High‑performance precision‑ground carbide round bars find applications across multiple manufacturing sectors. The first category involves their use as the base material for solid carbide cutting tools; today, more than 80% of end mills, drills, and reamers used in CNC machining are manufactured directly from these precision‑ground carbide round bars, whose exceptional hardness ensures tool life far surpassing that of high‑speed steel tools. The second category encompasses the production of various wear‑resistant components, such as wire‑drawing die cores for optical fiber and cable manufacturing, straightening rods for the metallurgical industry, and wire‑guiding rods for textile machinery—where their outstanding flexural strength enables them to endure cyclic loading over extended periods. The third category comprises precision mold components, including punch pins for small‑size stamping dies and core rods for cold‑heading dies; their superior flexural resistance helps prevent frequent breakage during the stamping process. The fourth category involves the substrate materials for high‑end measuring instruments, such as probe stems for coordinate measuring machines and sensing probes for high‑precision displacement sensors; their extremely low coefficient of thermal expansion ensures the stability of measurement results.

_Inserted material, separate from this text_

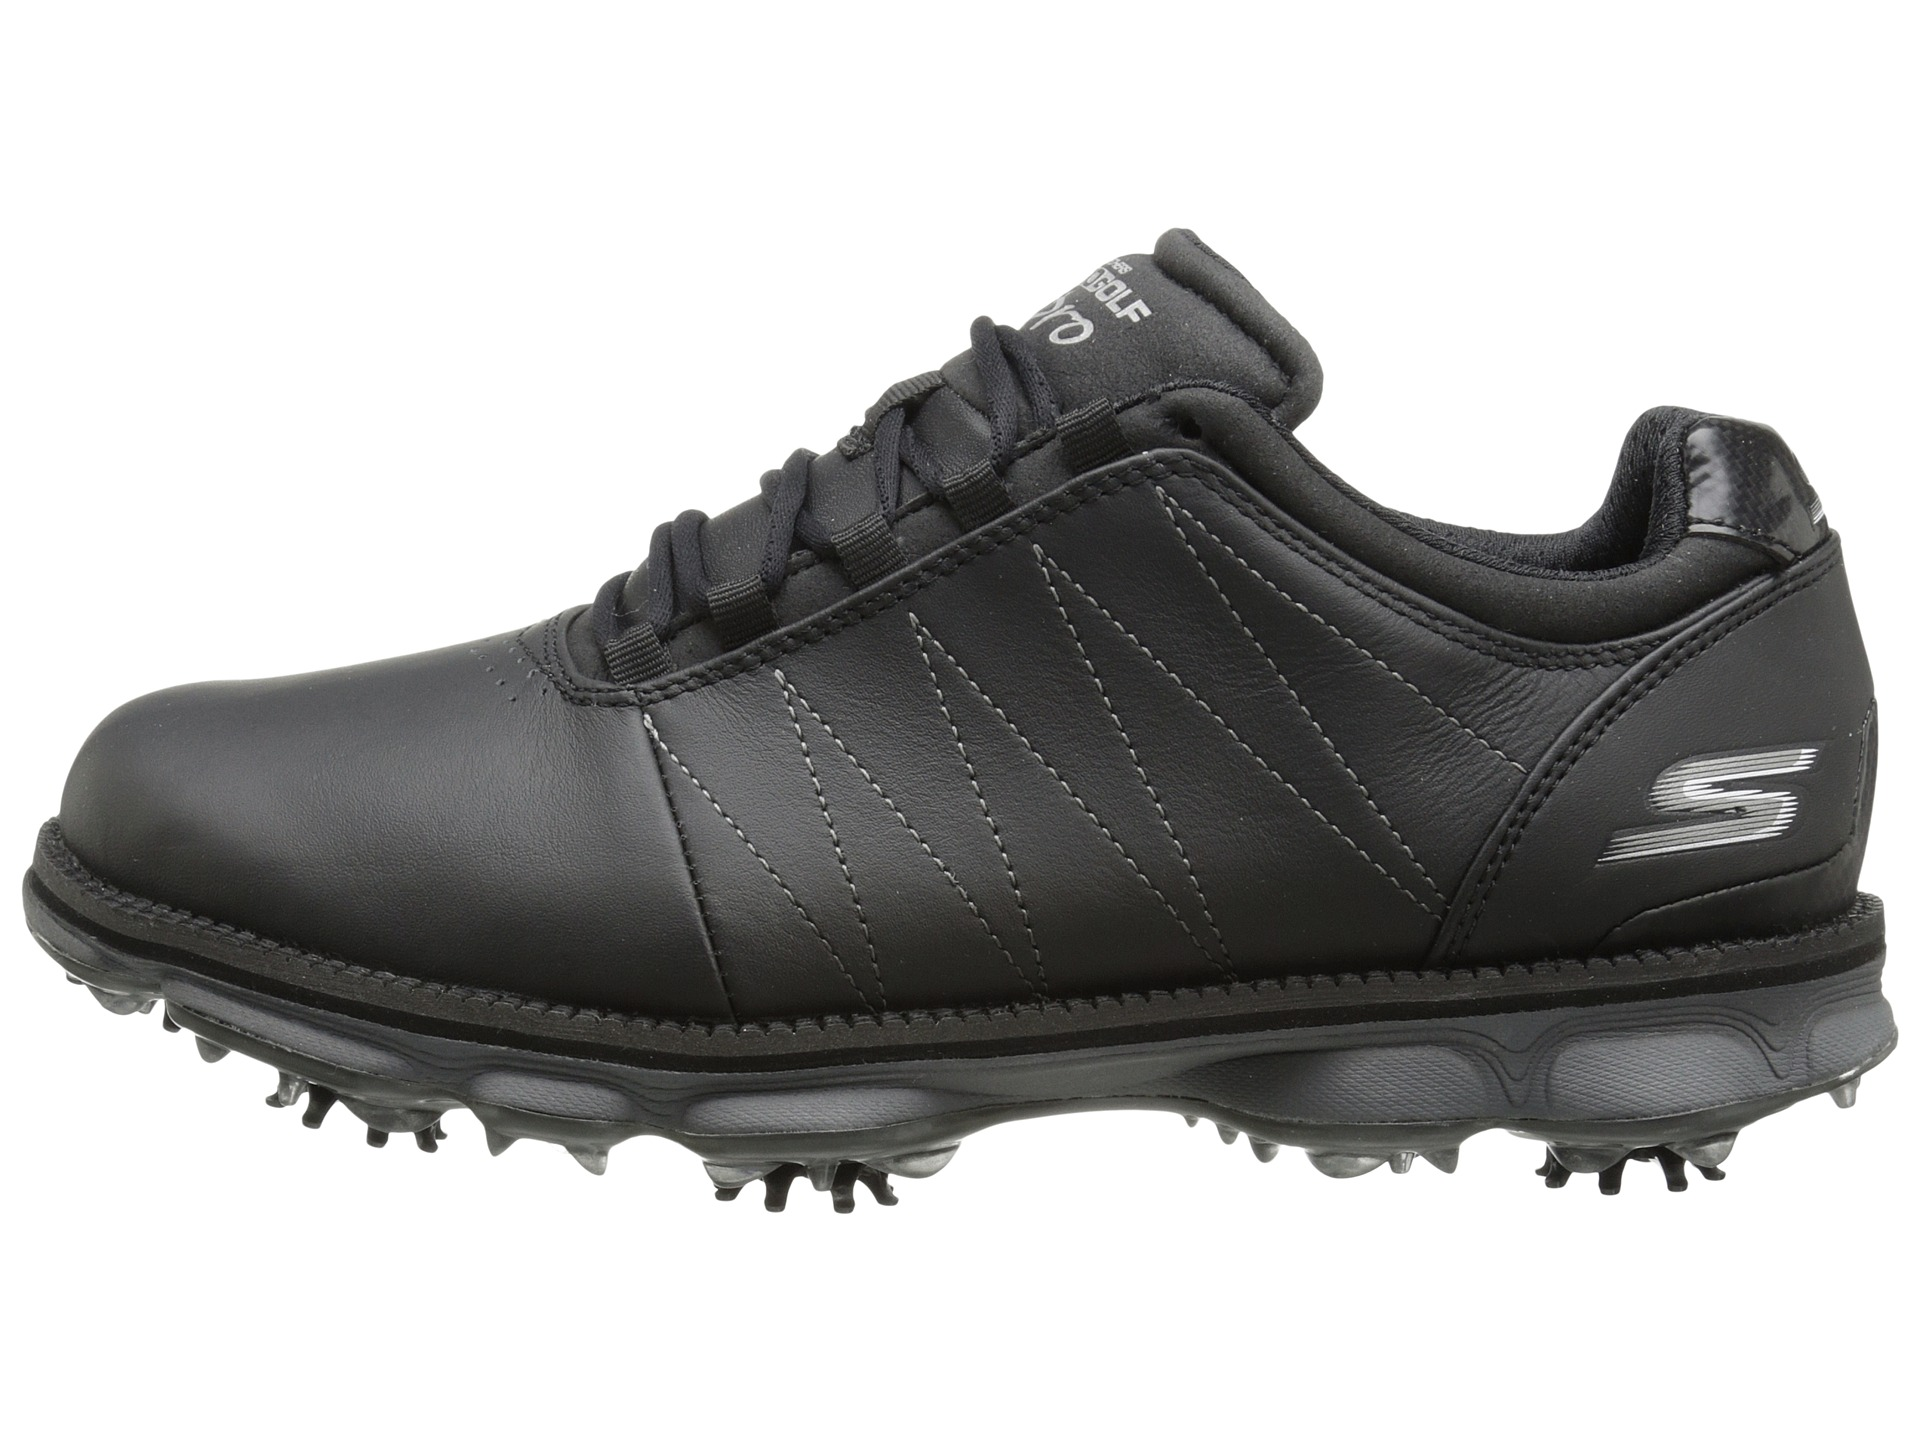 Skechers Golf Shoes Narrow

6. Practical Considerations When Purchasing Cemented Carbide Bars

When selecting high-performance cemented carbide round bars, avoid blindly pursuing extreme hardness. First, clearly define the performance requirements of your specific application: for example, in high‑impact stamping operations, prioritize grades with higher flexural strength; for precision‑machining tools, opt for fine‑grain grades with greater hardness. Next, assess your precision needs: standard rough‑ground bars typically suffice for subsequent secondary machining, so there’s no need to procure extra‑high‑precision ground variants, thus avoiding unnecessary cost increases. Finally, we recommend partnering with reputable manufacturers that possess comprehensive production and quality‑control capabilities. Hebei Hengyang Materials Technology offers free trial bar services tailored to users’ actual operating conditions, helping you identify the most suitable grade and reducing trial‑and‑error costs.

7. Frequently Asked Questions (FAQ)

Q1: Can precision-ground solid carbide round bars be used directly to manufacture cutting tools?

A: Standard‑precision ground bar stock already meets the required outer‑diameter dimensions; users need only perform end‑face machining to produce the cutting tool, eliminating the need for an additional outer‑diameter grinding operation.

Q2: What factors influence the flexural strength of cemented carbide round bars?

A: The properties are primarily influenced by three key factors: tungsten carbide particle size, binder phase content, and sintering process. By appropriately optimizing these parameters, it is possible to enhance the overall flexural strength while maintaining hardness.

Q3: Can carbide rods of different specifications be custom‑manufactured?

A: Hebei Hengyang supports a diameter of 1 mm. 60 mm, length 2 mm Custom manufacturing of various carbide round bars in the 330 mm range; we also offer custom‑made bar stock with single‑ or double‑hole cooling channels.

Q4: Will high-hardness cemented carbide rods break easily?

A: As long as the grade is selected to suit the operating conditions, high-performance cemented carbide round bars exhibit fracture resistance far superior to that of conventional alloy steel products, and under normal operating conditions, no abnormal fractures are expected.

Q5: What is the price difference between precision-ground bar stock and standard sintered bar stock?

A: For the same specifications, the price of precision‑ground bar stock is approximately 30% higher than that of standard sintered rough‑turned bar stock; however, it helps users reduce labor and equipment costs in subsequent grinding operations, resulting in a lower overall cost.

This article was generated by AI and is for reference only.